Goal of the exercise: With the pictures left out, restate exactly the part below that opens with the line containing "MMA competition guidelines" and closes with the line containing "Indulge in the".

Data extracts:
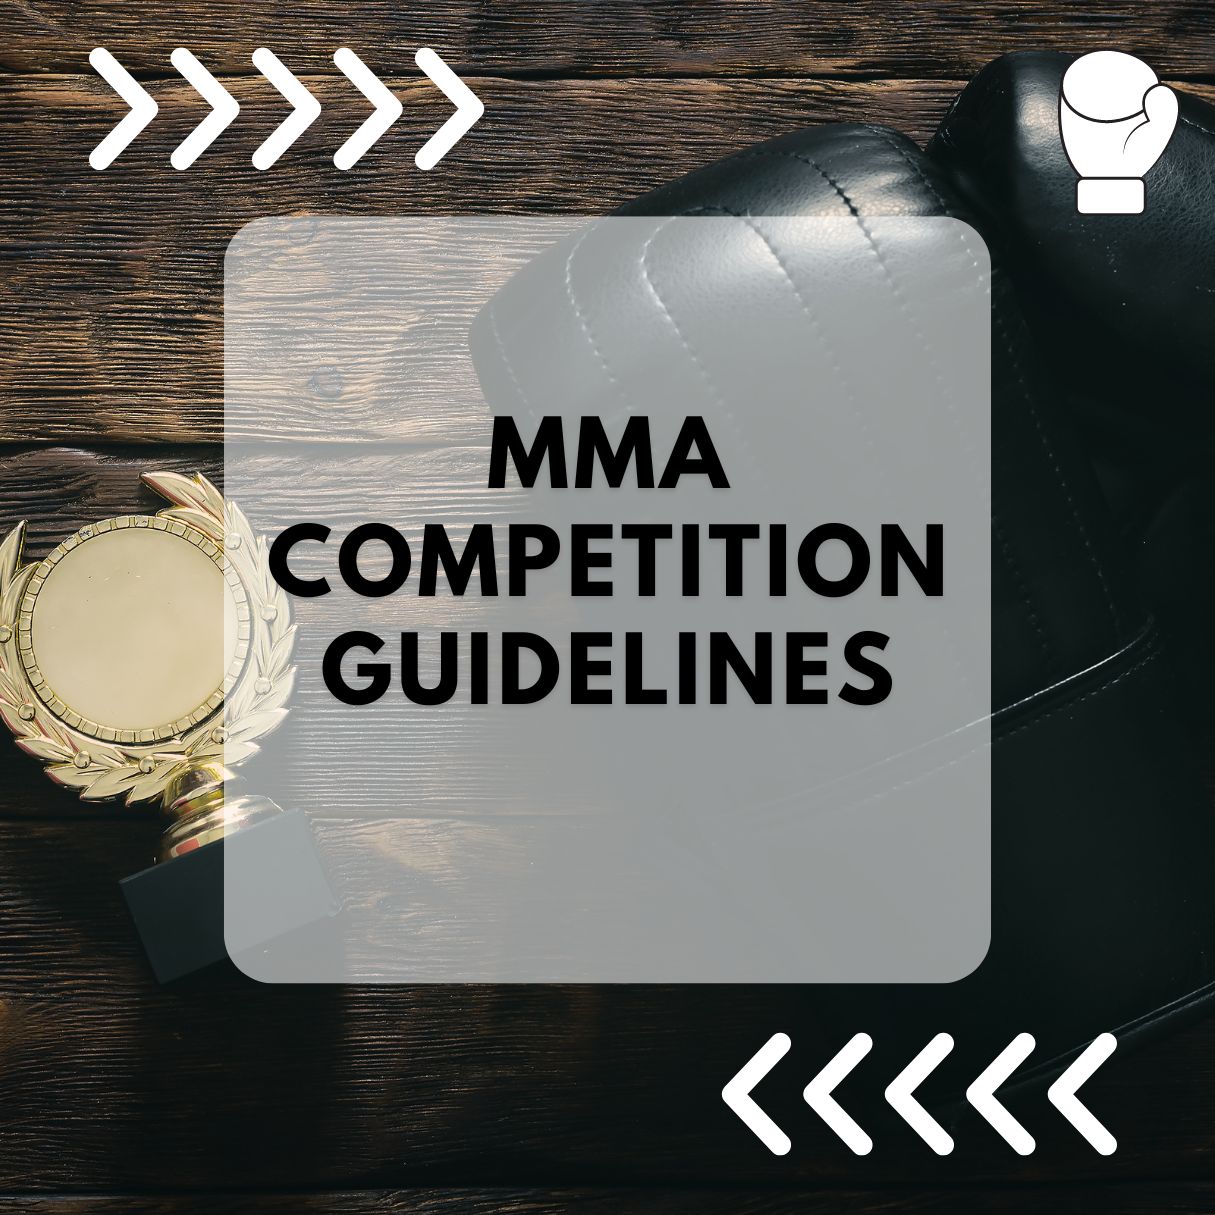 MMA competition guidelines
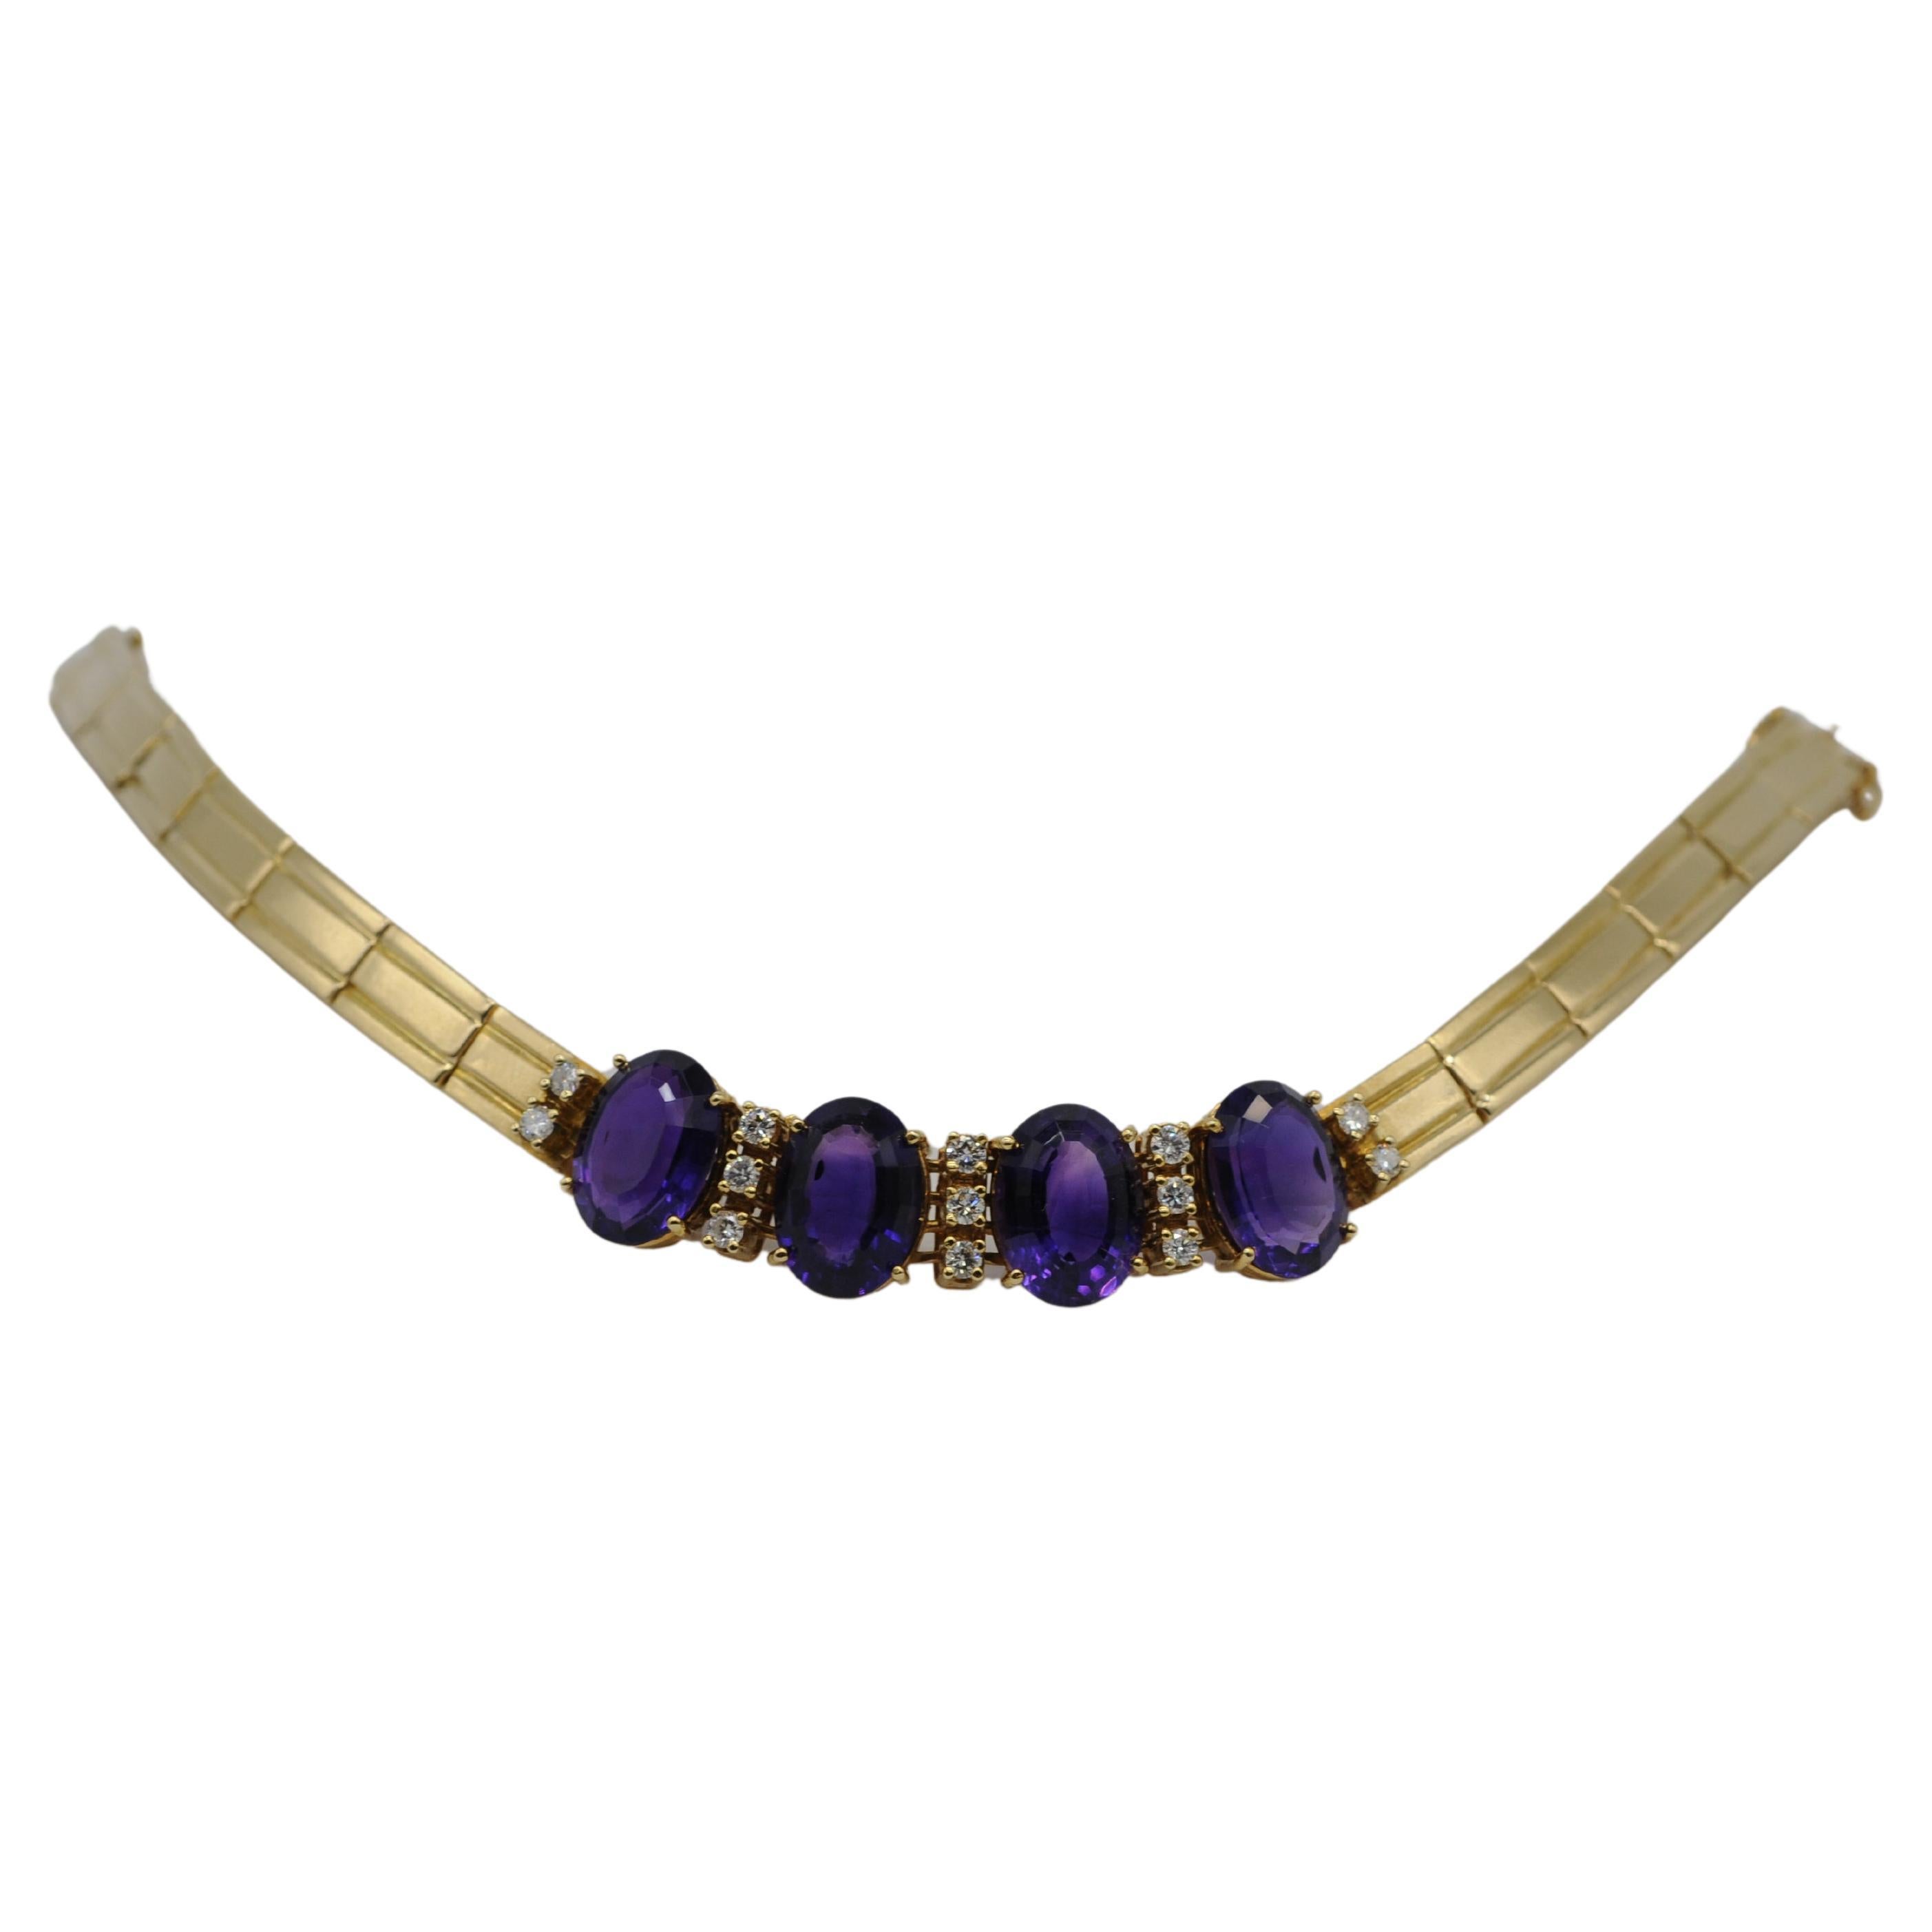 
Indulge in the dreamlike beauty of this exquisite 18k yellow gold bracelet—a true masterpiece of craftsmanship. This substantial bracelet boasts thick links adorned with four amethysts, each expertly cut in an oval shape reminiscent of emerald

---

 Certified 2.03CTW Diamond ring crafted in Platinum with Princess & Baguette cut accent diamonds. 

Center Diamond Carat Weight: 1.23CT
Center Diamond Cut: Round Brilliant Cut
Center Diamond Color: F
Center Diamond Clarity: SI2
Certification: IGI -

Written response:
 MMA competition guidelines
Indulge in the dreamlike beauty of this exquisite 18k yellow gold bracelet—a true masterpiece of craftsmanship. This substantial bracelet boasts thick links adorned with four amethysts, each expertly cut in an oval shape reminiscent of emerald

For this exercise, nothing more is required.